Lanigan zuckte die Achseln. «Was hat es schon zu besagen, wie viel Sie tatsächlich trinken? Wenn Ihre Kunden Sie für einen Säufer halten und nicht mehr bei Ihnen kaufen, dann wäre es schon zu viel, wenn Sie einmal alle Jubeljahre einen winzigen Schluck tränken. Sie haben dadurch Ihren Laden verloren, nicht wahr?»

«Keineswegs. Ich habe meinen Laden verloren, weil man mich in die Klemme gebracht hat.»

«Ach, hören Sie!»

«Nein, es ist wahr, Chief! Sie kannten doch diesen Kestler, den alten Knacker, der neulich gestorben ist. Der hatte eine Hypothek mit Sicherheitsübereignung auf meinem Geschäft, und die hat er gekündigt. Hätte er mir ein bisschen mehr Zeit gegeben, ich hätte alles abzahlen können. Aber nein, er wollte unbedingt den Laden, weil er ihn zu einem guten Preis verkaufen konnte.»

«Kestler hat Ihnen also die Hypothek gekündigt, wie?» Lanigan lächelte. «Dann waren Sie sicher nicht allzu traurig, als er starb.»

«Soll ich Ihnen was Komisches sagen? Am selben Abend, als er starb, mussten wir für ihn ein Rezept anfertigen. Dr. Cohen, Dan Cohen, telefonierte es uns durch, und ich nahm den Auftrag entgegen. Als ich hörte, dass es für Kestler war, dachte ich mir, der kann zur Hölle fahren, bevor ich für ihn ein Rezept anfertige. Aber soll ich Ihnen was sagen? Als ich hörte, dass er tot war, tat mir der alte Kerl doch Leid.»

«Aber Sie haben das Rezept angefertigt, nicht wahr?», erkundigte sich Lanigan beiläufig.

«Den Teufel habe ich getan! Ich hab’s dem jungen Aptaker gegeben, damit der es macht. Ich hatte außerdem schon mit einem Rezept zu tun, auf das ein Kunde wartete, und der hat sich dann auch erboten, das Medikament für Kestler abzuliefern, darum …»

«Der junge Aptaker? Marcus?»

«Himmel, nein! Der ist älter als ich. Nein, ich meine Arnold.»

«Aber ich dachte, Arnold wäre erst vergangene Woche gekommen.»

«Das stimmt, aber er war neulich hier zu Besuch. Wir hatten bis über die Ohren zu tun, wegen des Unwetters, da ist er gekommen und hat uns in der Rezeptur geholfen.»

«Sie meinen, er hat nur an diesem einen Abend gearbeitet?», fragte der Polizeichef.
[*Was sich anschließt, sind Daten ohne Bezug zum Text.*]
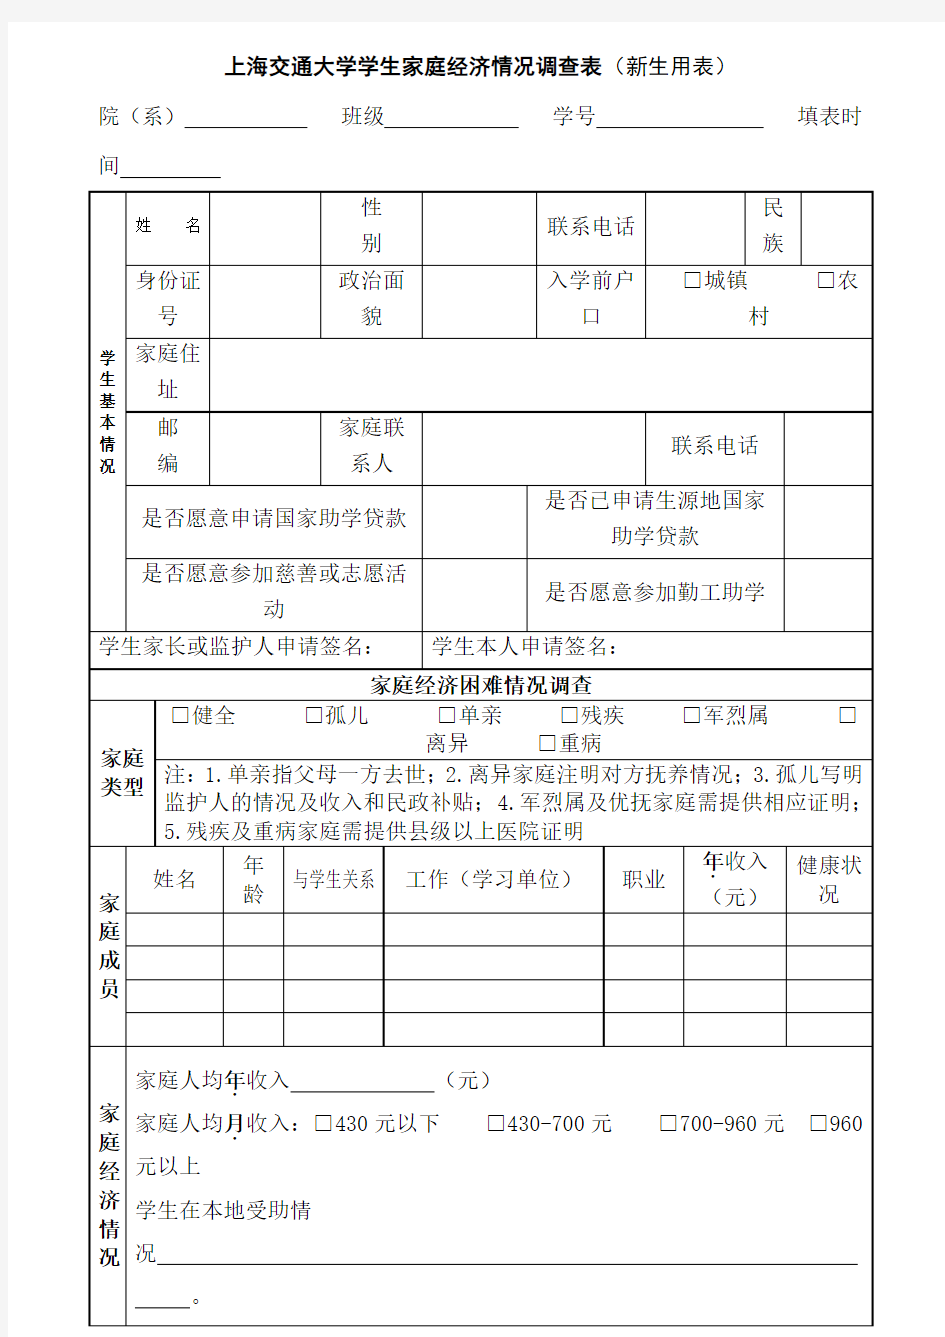 上海交通大学学生家庭经济情况调查表(新生用表)

«Hm-hm. Er kam rein, als gehörte ihm der Laden, ging geradewegs durch in die Rezeptur und sagte: ‹Ich bin Arnold Aptaker, ich werde Ihnen helfen.› Ich hab zu Marcus rübergesehen, der vorne im Laden war, aber der grinste nur irgendwie stolz und sagte kein Wort. Also hab ich ihm alles gezeigt, wie alles organisiert war bei uns. Aber diese jungen Leute, denen kann man ja nichts mehr sagen. ‹Ich weiß, ich weiß›, hat er immer nur gesagt, also hab ich ihn fummeln lassen, und tatsächlich, ehe ich weiß, was geschieht, kippt er ‘ne Flasche Hustensaft um. Und will den Dreck dann mit Papiertüchern aufwischen. Das Zeug klebt, wissen Sie. Na ja, bei jedem anderen wäre ich in die Luft gegangen, aber das war schließlich Aptakers Sohn. Er war so froh und stolz, dass Arnold da war, dass ich kein Wort gesagt, sondern stillschweigend den Wischlappen geholt und sauber gemacht habe. Danach wurde Arnold dann ruhiger und war mir eine große Hilfe bei der Unmenge Rezepte, die wir hatten, und so wurden wir eine ganze Zeit eher fertig, als ich gedacht hatte. Ich hatte gehofft, er würde dableiben, weil es ein bisschen viel Arbeit ist für zwei Apotheker, aber am nächsten Tag sagte Mark, er sei nach Philadelphia zurückgegangen.»

«Aber jetzt ist er für immer hier?»

«Ich nehme an, er will hier bleiben, bis sein Daddy wieder auf den Beinen ist. Ob er anschließend noch bleiben wird, weiß ich nicht. Sie wissen ja, wie diese jungen Burschen sind.» Er sah auf die Uhr. «He, ich muss zurück in den Laden! Jetzt ist die Zeit, wo wir viel zu tun kriegen. Übrigens, mit dem Strafzettel …»

«Keine Sorge», antwortete Lanigan liebenswürdig. «Um den kümmere ich mich schon.»